Start the Transfer and Monitor Progress
Once the task is configured, you can start it immediately or wait for the schedule. During execution, the DataSync agent reads files from the source, compresses and encrypts them, and sends them to the AWS DataSync service endpoint. The service then writes data to the destination. You can monitor progress in the console – DataSync shows the number of files transferred, bytes transferred, and any errors. You can also view CloudWatch metrics like BytesTransferred, FilesTransferred, and TransferDuration. If errors occur, they are logged and the task continues (skipping problematic files).
Review Reports and Validate Data
After the task completes, DataSync generates a detailed report. You can view it in the console or export it to an S3 bucket. The report lists every file that was transferred, skipped, or failed. It includes file paths, sizes, and checksums. Use this report to verify that all data arrived intact. For incremental tasks, future runs will only transfer new or modified files, based on file modification timestamps. This step is crucial for auditing and compliance, especially for regulated industries.

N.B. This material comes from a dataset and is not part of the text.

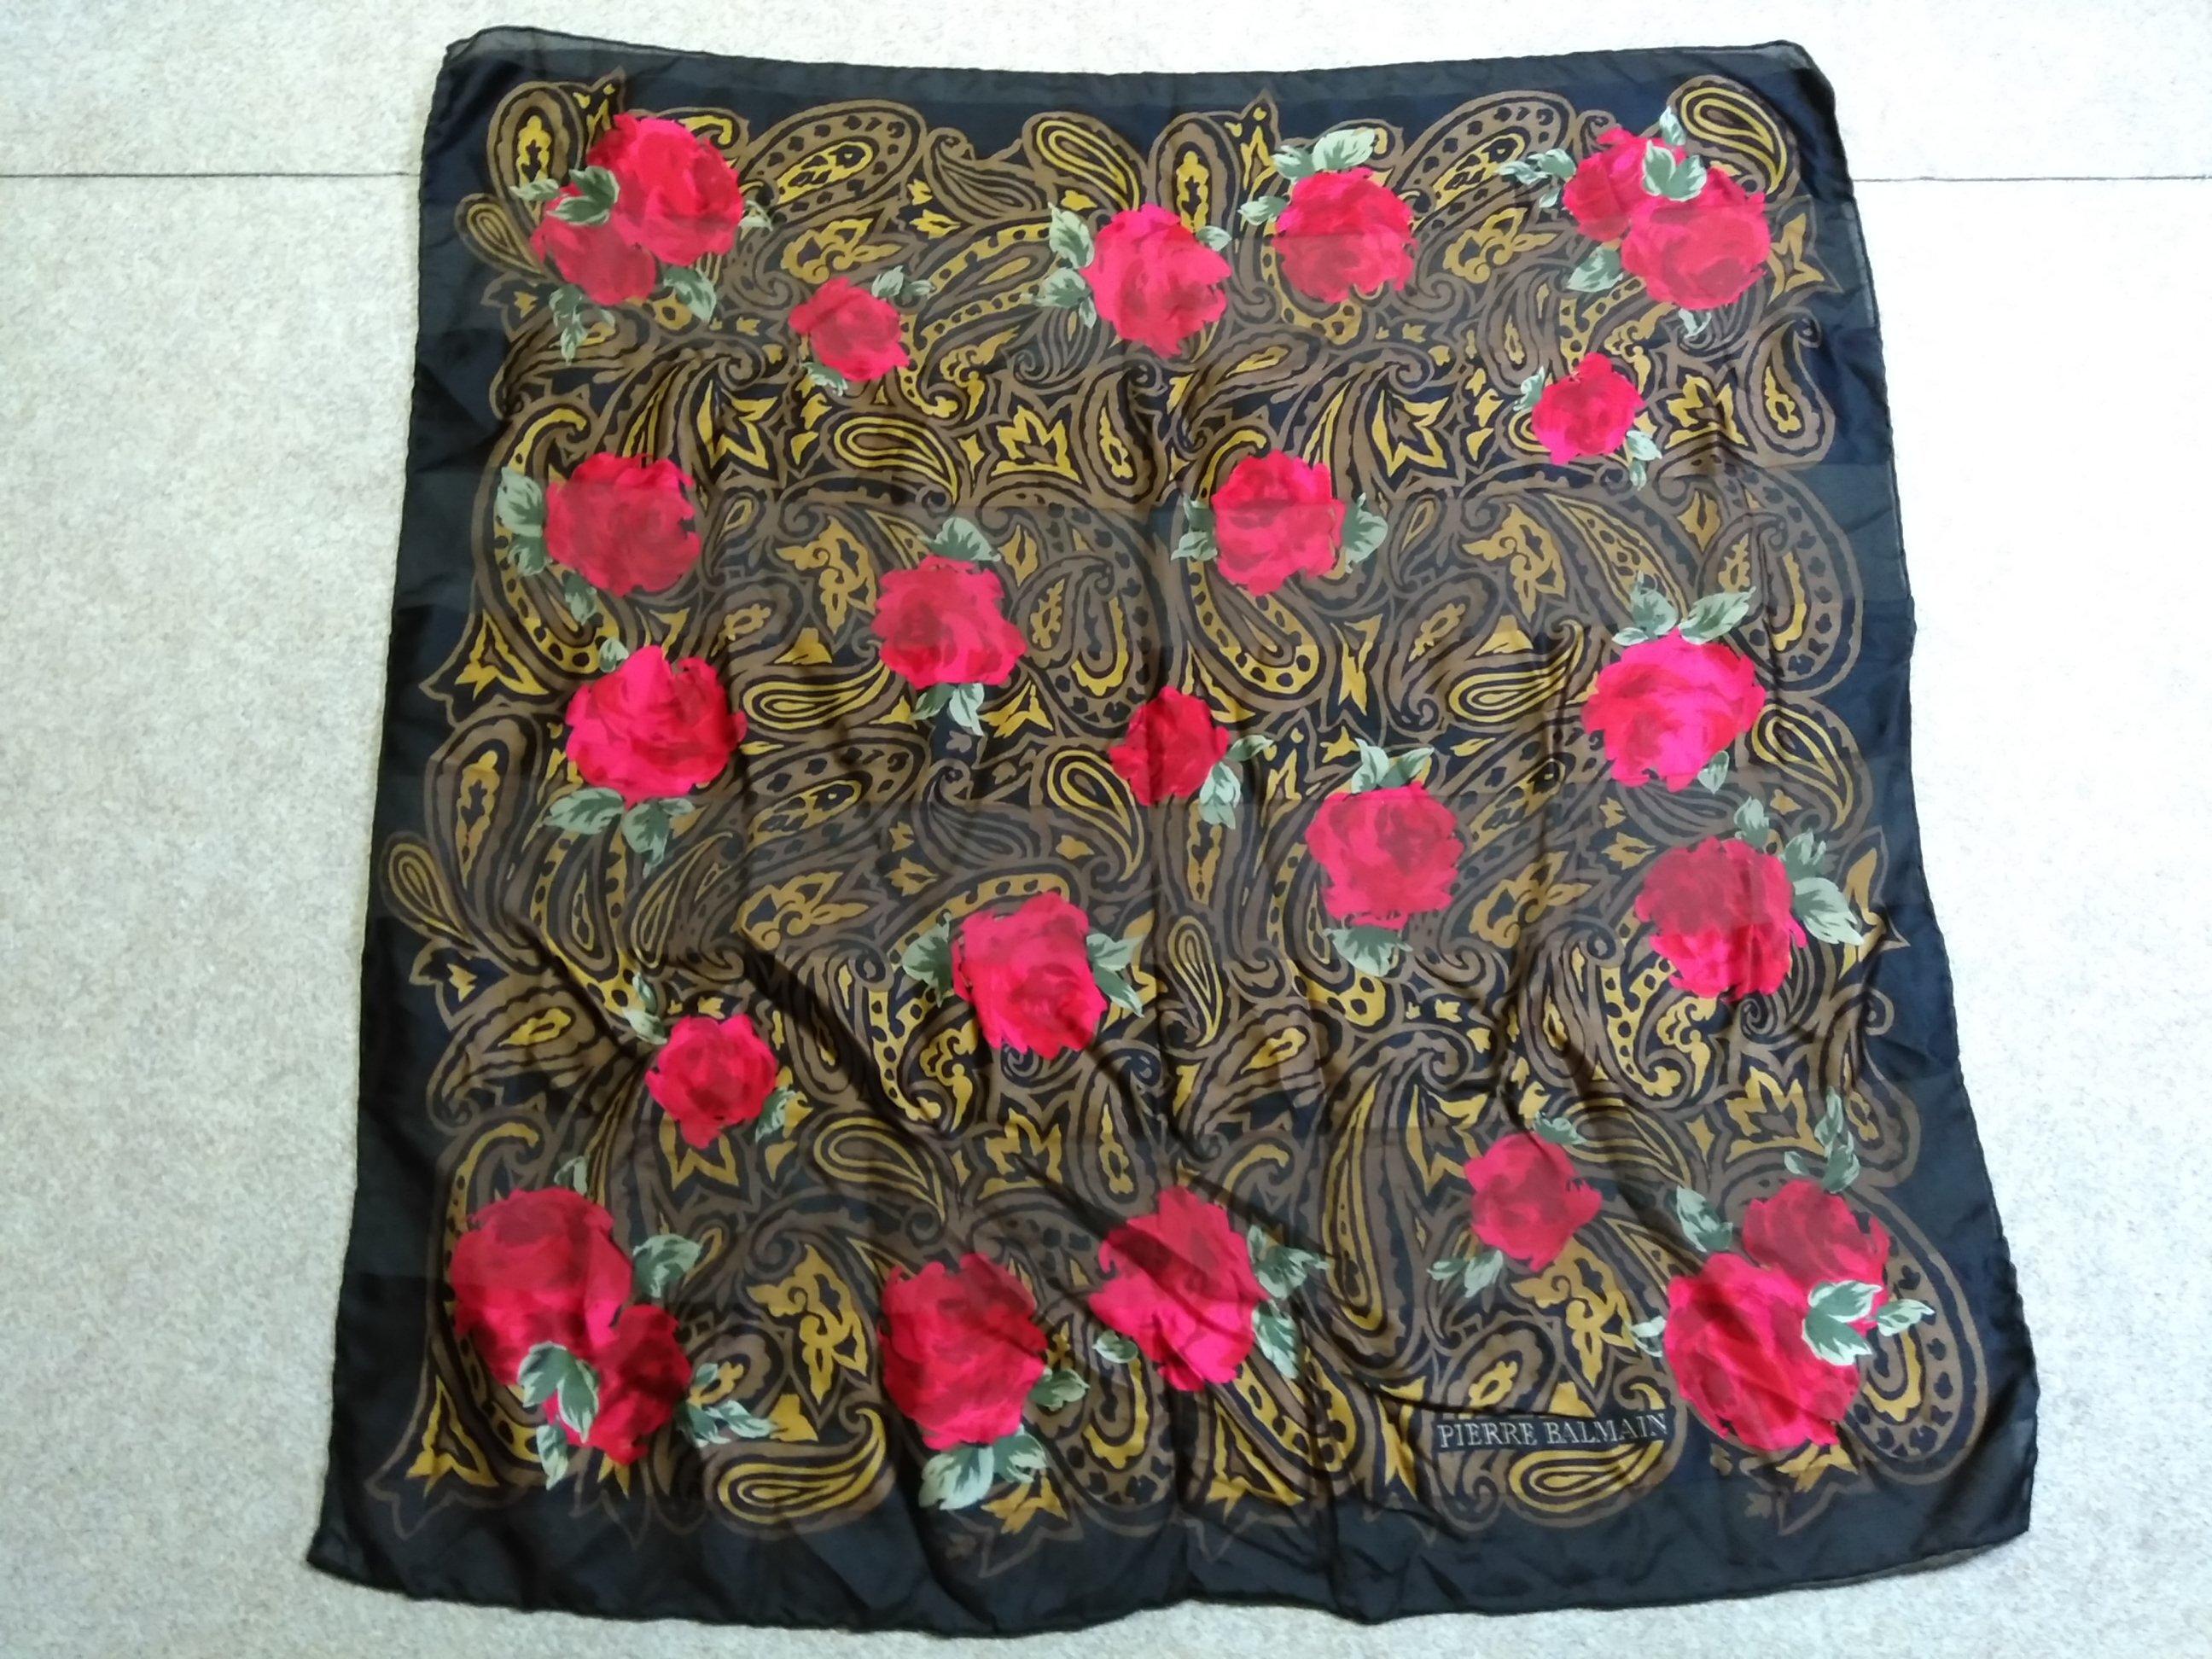 ピエール バルマン シルク 絹 スカーフ バラ 黒 u1126a

Scenario 1: Enterprise Backup to AWS A financial services company has 50 TB of critical data stored on on-premises NFS file servers. They want to back up this data to Amazon S3 for disaster recovery. They choose AWS DataSync because it supports automated, recurring transfers. The team deploys two DataSync agents (for redundancy) and creates a task that runs nightly. The initial full transfer takes 3 days over a 1 Gbps Direct Connect link. After that, incremental transfers take only 30 minutes each night. The company uses S3 Object Lock to prevent deletion or overwrites. Cost: DataSync charges $0.0125/GB for the initial 50 TB ($640) and then nightly incremental transfers (around 5 GB per night, costing $0.06 per night). The team monitors via CloudWatch dashboards and receives alerts if a transfer fails. A common mistake is not setting bandwidth limits, which can saturate the network and impact other business operations. The team learned to throttle transfers to 500 Mbps during business hours.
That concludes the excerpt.